Ex-Pa. treasurer pleads guilty to lying to the FBI

Former PA Treasurer Barbara Hafer, right, to plead guilty Friday morning to lying to federal authorities. MICHAEL BRYANT / Staff Photographer

HARRISBURG – Former state Treasurer Barbara Hafer pleaded guilty Friday to lying to the FBI as part of a sweeping pay-to-play investigation of Pennsylvania government.

Hafer, 73, of Indiana, was charged last summer along with one of her largest campaign donors, Richard Ireland, a Chester County businessman. She was accused of misleading the FBI and IRS about nearly $700,000 in payments to her consulting firm by Ireland between 2005 and 2007, after she left office.

She had faced two counts of making false statements and was to go on trial next week, but pleaded guilty to one such count before U.S. District Judge John E. Jones III. The maximum penalty for that offense is five years in prison and a $250,000 fine, although under sentencing guidelines, the judge could impose a punishment ranging from probation to six months in prison.

Hafer, a longtime Republican turned Democrat, had no comment as she left court. Her lawyer, Thomas Farrell, also declined to comment on her plea, which made no mention of cooperation with federal authorities.

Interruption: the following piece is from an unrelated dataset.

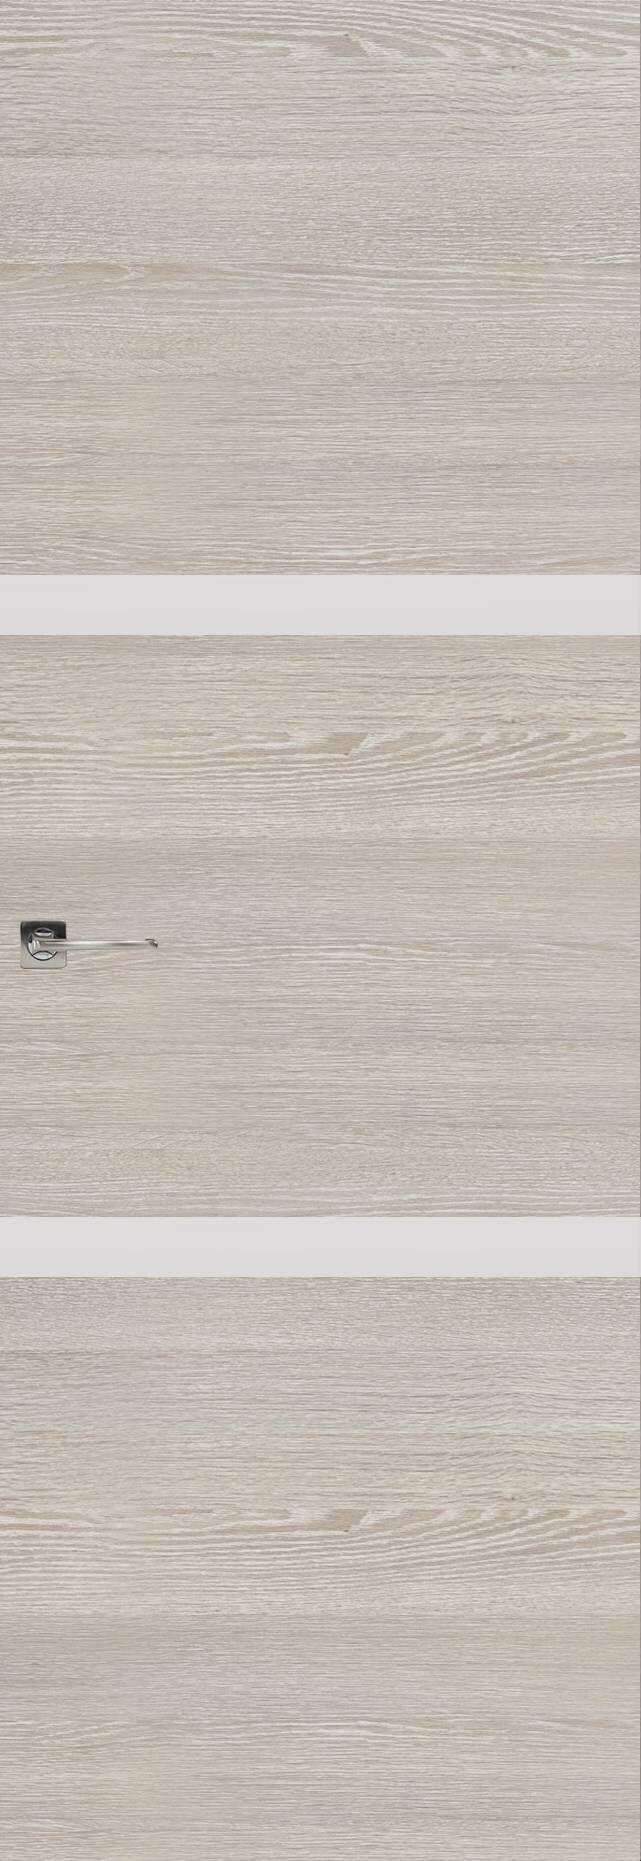 Tivoli В-4 Invisible цвет - Серый дуб Без стекла (ДГ)

During the plea hearing, Hafer kept her responses short as Jones asked whether she understood the nature of the proceedings. She listened intently as Assistant U.S. Attorney Michael Consiglio outlined the case against her, and she gave a brief response when Jones asked whether his words were an accurate reflection of her actions.

“They are,” she said.

Hafer’s decision to plead guilty on the eve of her trial brought to a close the last case — at least, the last one in which charges were filed — in the long-running federal investigation into corruption in Harrisburg. The probe led to a guilty plea from John Estey, the onetime chief of staff to former Gov. Ed Rendell, and toppled one of Hafer’s successors, Rob McCord.

McCord, a Democrat, pleaded guilty in 2015 to attempting to shake down campaign contributors and resigned in the middle of his second term.

Hafer’s case stems from statements she made to federal authorities more than a decade after ending her term as treasurer, a job that oversees and manages billions of dollars in state assets and investments.

Hafer had initially claimed lapses in memory in denying that she accepted $675,000 in consulting payments from Ireland after leaving office. According to the indictment against her, Ireland, who served as a middleman helping money managers land government work, made more than $10 million in fees while Hafer ran the Treasury Department between 1997 and 2005.

Ireland went on trial in March, but Jones dismissed all charges against him mid-trial. Ireland had been accused of attempting to bribe McCord with campaign contributions in return for government contracts.

In dismissing the charges, Jones said Ireland’s case showcased Pennsylvania’s lax campaign finance laws, but ruled that federal prosecutors fell short of meeting the high bar required to criminalize Ireland’s campaign donations.

McCord, who unsuccessfully sought the Democratic nomination for governor in 2014, cooperated with federal authorities in Ireland’s case. He secretly recorded his conversations with Ireland while working undercover to help the FBI and to try to gain a more lenient sentence, and was the government’s star witness during Ireland’s trial. He has not been sentenced.

One of those secret tape recordings by McCord led federal authorities to question Hafer in late 2014 about her relationship with Ireland, Consiglio said during Hafer’s plea hearing Friday.

On the tape, Ireland is heard telling McCord that he had taken care of Hafer, who after leaving office opened a consulting firm called Hafer & Associates. During her interview with agents in May 2016, Hafer denied receiving money from Ireland or any businesses with which he was associated.

Agents later discovered that in 2005 alone, Ireland paid Hafer’s firm $500,000 — nearly two-thirds of her firm’s business that year.

“Our system of justice depends on federal law enforcement agents receiving complete and accurate information from individuals who are being interviewed as part of a criminal investigation, particularly a high-profile public corruption investigation,” said Bruce Brandler, the acting U.S. attorney for the Middle District of Pennsylvania, adding, “Today’s guilty plea will hopefully deter others from engaging in similar misconduct in the future.”

On Friday, Jones scheduled a pre-sentencing conference in Hafer’s case for late September, and said Hafer’s sentencing would be set for a date after that.